M( 13/14)r +M' (x) / (M + M') where x is the centre of mass of the liquid which I don't know.
Am I right in using surface densities? I used this because it said a thin cup and it's hollow as well. Or should volume densities be used?

 

[Doc Al]

So wouldn't the centre of mass of the liquid be the same as that of the cup?

Are the centers of mass of the solid and hollow hemispheres the same?

 

[Taniaz]

The centre of mass of a hemispherical shell is r/2 from the flat side and for a solid hemisphere it is 3r/8 from the flat side.

 

[Doc Al]

The centre of mass of a hemispherical shell is r/2 from the flat side and for a solid hemisphere it is 3r/8 from the flat side.

Good. Now make use of that fact.

 

[Taniaz]

I've tried but it's not worked. I have just been using surface densities and not volume densities to find the mass.

So for part a this is what I did: My diagram included a horizontal goblet with the x-axis as it's line of symmetry.
C.O.M of the hemispherical shell = r/2 + r (from the start till the base)
C.O.M of the stem is r/2 to the base
C.O.M circle = 0 since it's to the base itself

Then Mass = surface density x area ; surface density is represented by sigma
Area of hemisphere = 2 pi r^2 so m= 2 pi r^2 (sigma) Area of circle = pi r^2 so m = pi r^2 (sigma)
And m of stem = 1/4 (mass of hemisphere) = pi r ^2 /2 (sigma)

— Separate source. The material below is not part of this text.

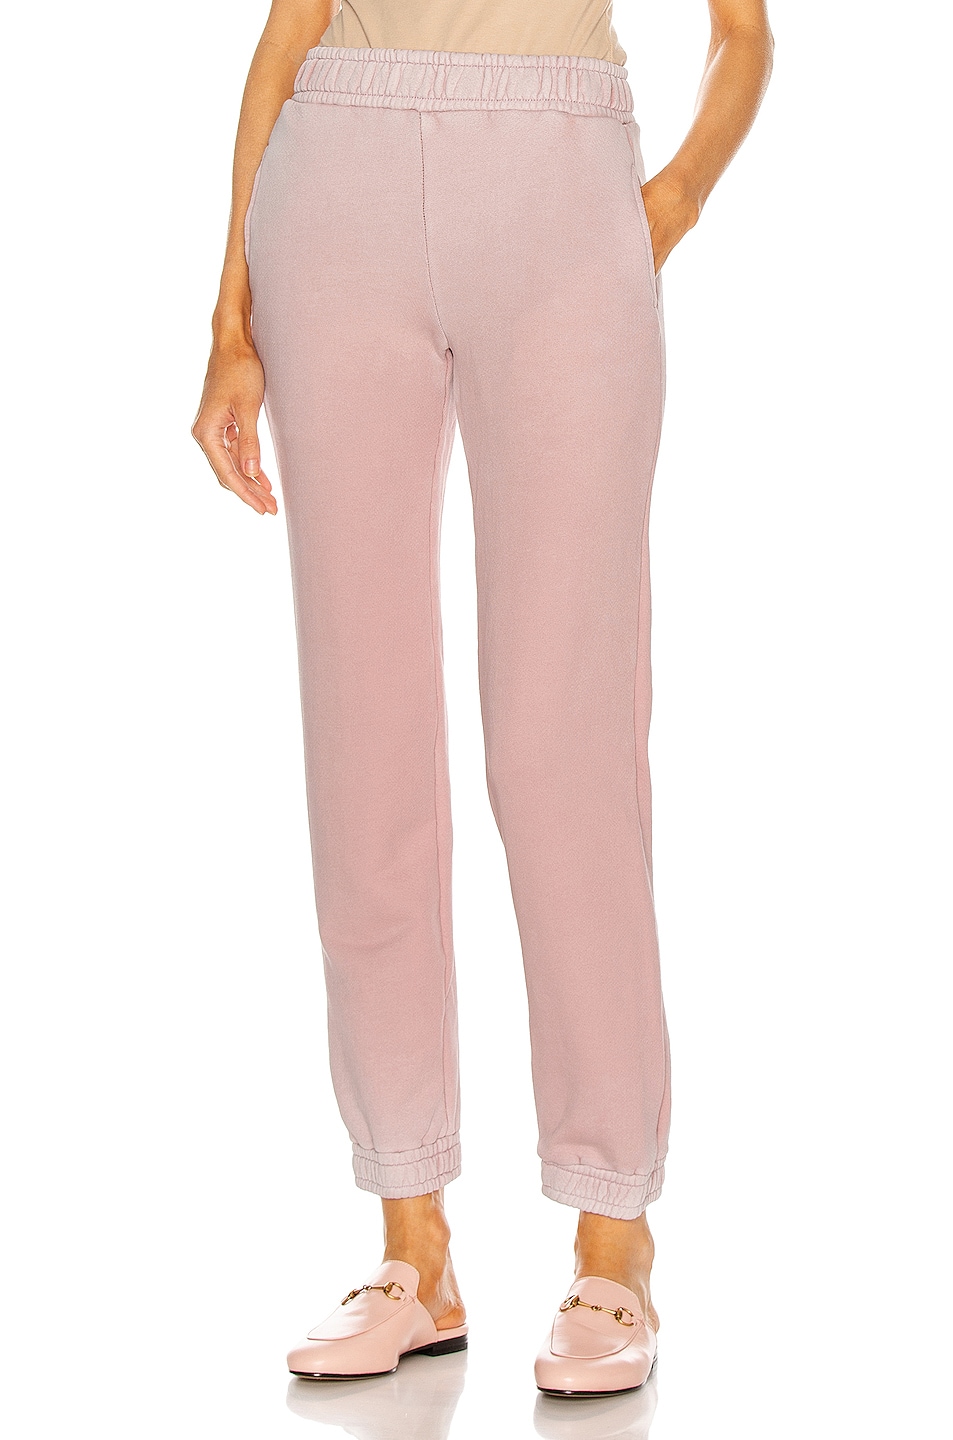 Image 1 of COTTON CITIZEN Brooklyn Sweatpant in Vintage Rose

Then my equation for an empty goblet became:

(r/2 + r) ( 2 pi r^2 sigma) + (r/2)( pi r^2 /2 sigma) + 0( pi r^2 sigma) / ( 2 pi r^2 sigma + pi r^2 /2 sigma +( pi r^2 sigma)

the pi r^2 sigma terms cancel out leaving me with:

(r/2 + r) + (r/2)(1/2) / 2 + (1/2) + (1) = (13/4) r / (7/2) = (13/14)r

For part b, when they put in the liquid, what am I supposed to take, the surface density or the volume density? I'm not sure how to go about it. Even if I take it as the completely filled and I take the surface density, all I get is:

M(13/14)r + M' (r/2 +r) / (M+M') and simplifying this does not give (39/65) r (M'/M+M')

 

[Doc Al]

You have the center of mass of the empty goblet and of the filled liquid. Now find the center of mass of the system. (No need for any densities.)

 

[Taniaz]

For the centre of mass of the liquid, should I take it till the base if the goblet or just it's centre of mass alone?
So for the latter case my equation would become:

M (13/14)r +M'(r/2) / (M+M')
but how do I simplify this equation? I can't add the variables in the numerator?

 

[Taniaz]

Got it!
Basically we assume the liquid to be a solid hemispherical shell and not hollow so the c.o.m of the shell from the curved surface is 5/8 r but since it's to the base it will be 5/8 r + r where r is the length of the stem. Then because it's asking for the difference we basically have to subtract it from that of the empty goblet.
So the equation is
M'(5/8 r + r) + M(13/14)r / M+M'
- M (13/14)r/M
= 39/56 r (M'/M+M')

 

[Doc Al]

Good!

 

[Taniaz]

Thank you.

Doc Al would you mind taking a look at the new question I posted please?